Set down the full listing exactly as given. Any pictures are to be left out.

DATASET SECTION =>
-=-=-=-=-
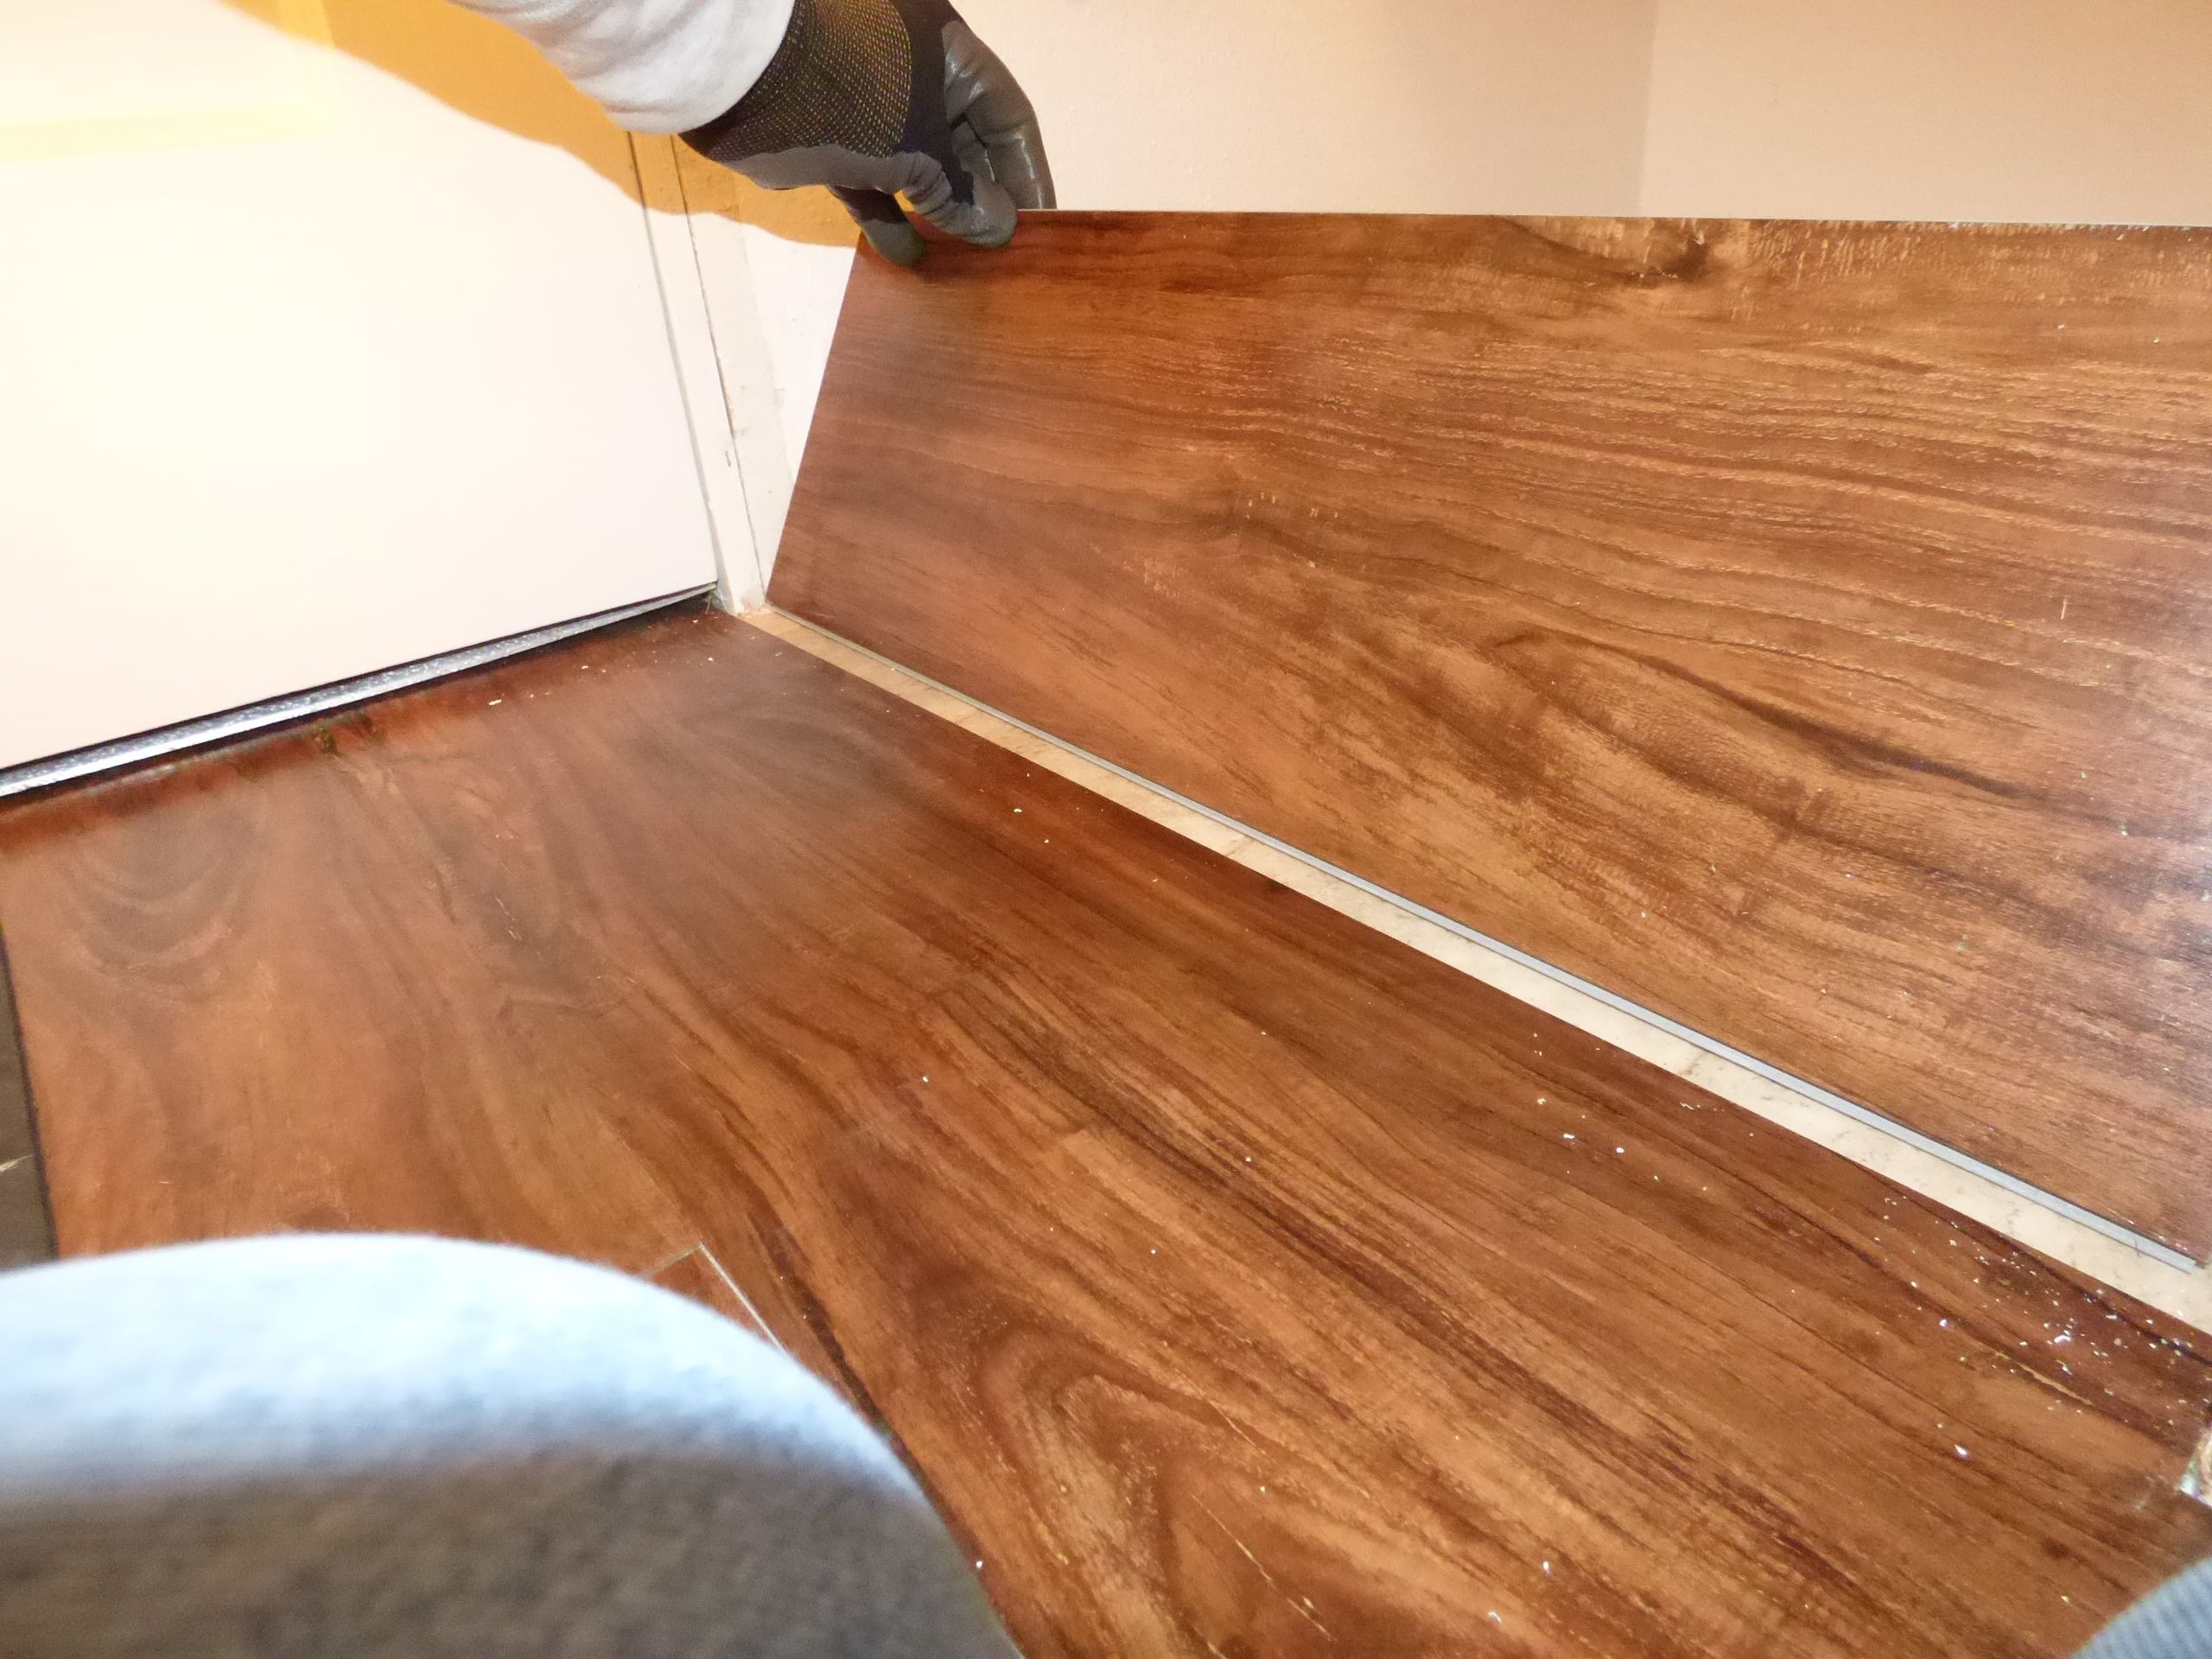 how to install hardwood floors video of its easy and fast to install plank vinyl flooring for backwards installing plank flooring 56a4a0535f9b58b7d0d7e38e jpg
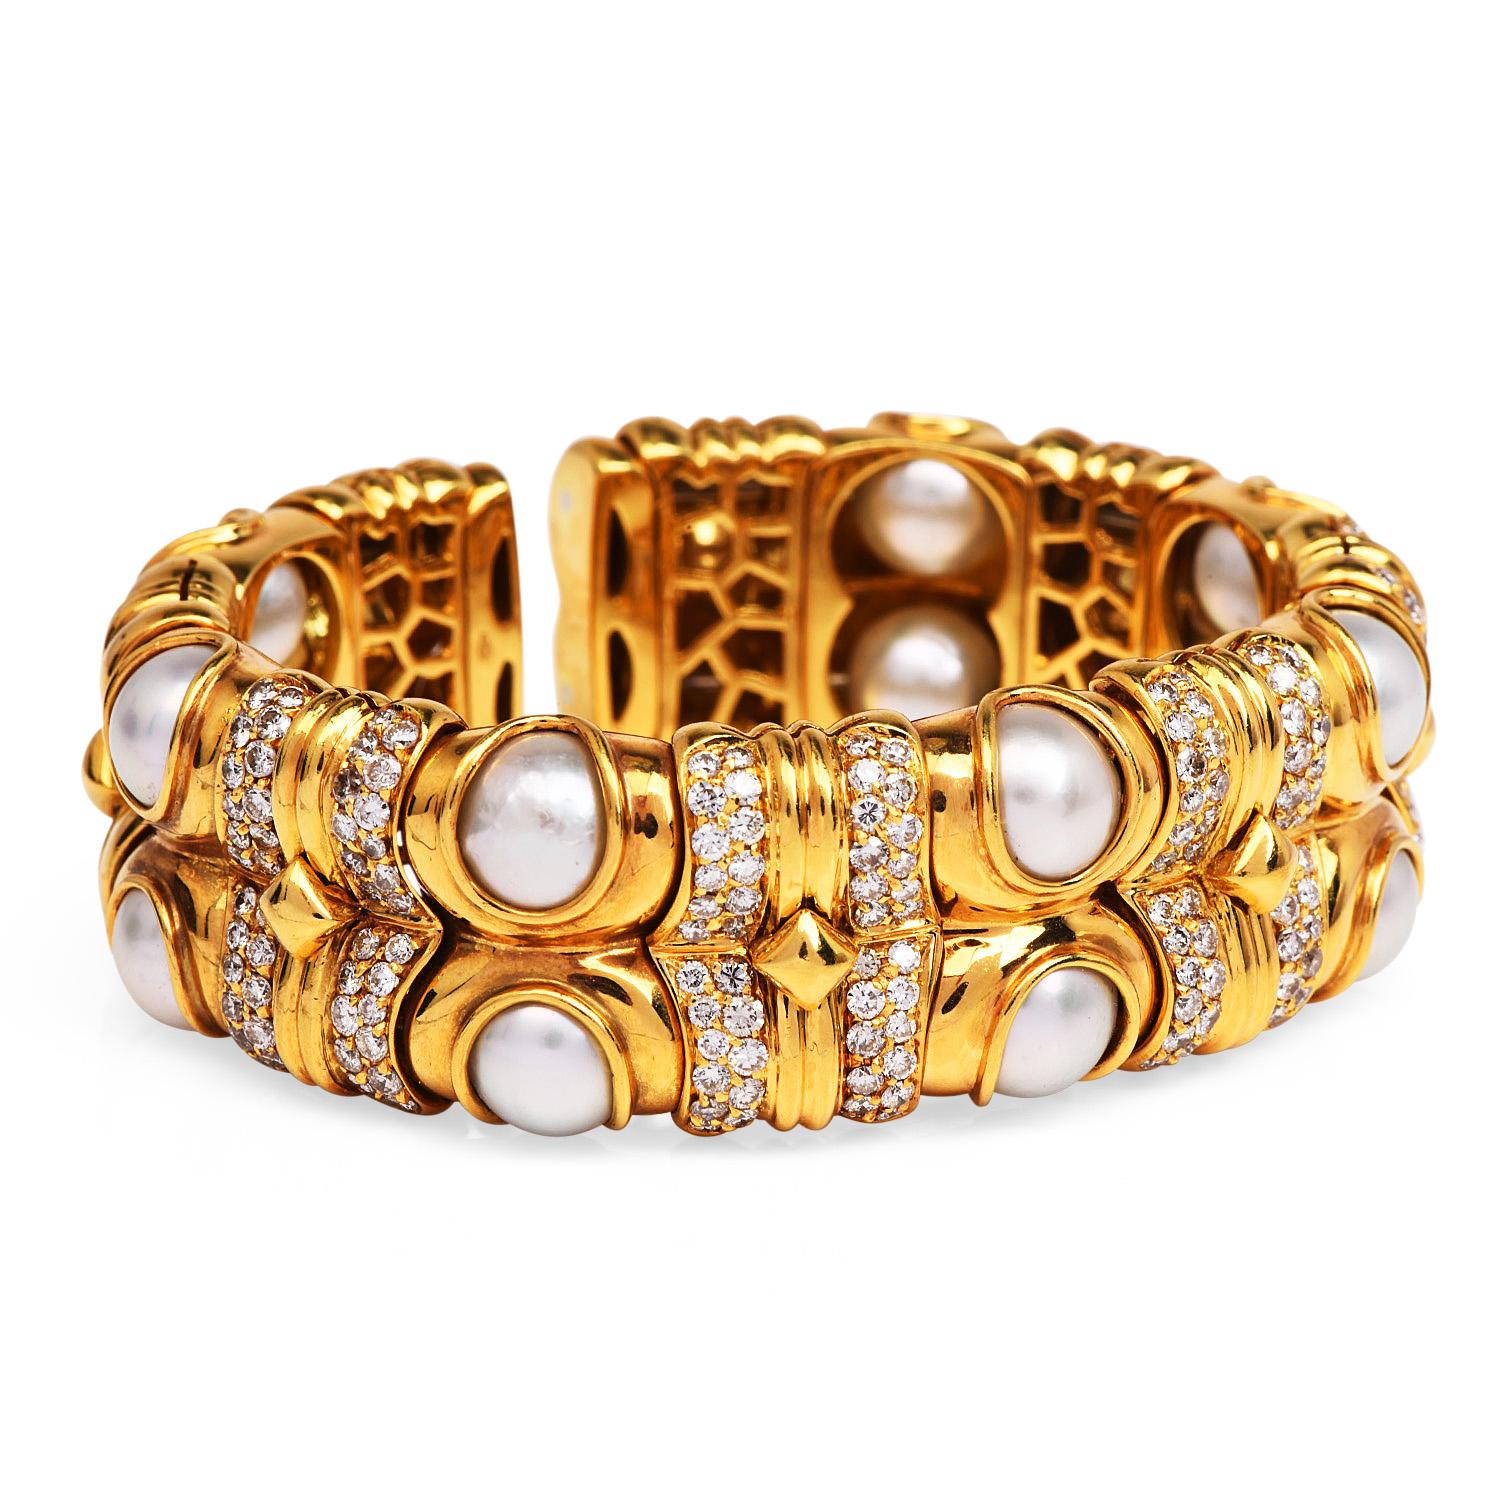 The perfect compliment for a High-quality strand of pearls!

This 1980's bangle cuff bracelet was created in heavy 18K yellow gold, weighing approximately 80.1 grams.

The geometric flexible link design is enhanced by  14 High-luster 8 mm grayish
-=-=-=-=-
YOUR SOLUTION =>
 how to install hardwood floors video of its easy and fast to install plank vinyl flooring for backwards installing plank flooring 56a4a0535f9b58b7d0d7e38e jpg
 The perfect compliment for a High-quality strand of pearls!

This 1980's bangle cuff bracelet was created in heavy 18K yellow gold, weighing approximately 80.1 grams.

The geometric flexible link design is enhanced by  14 High-luster 8 mm grayish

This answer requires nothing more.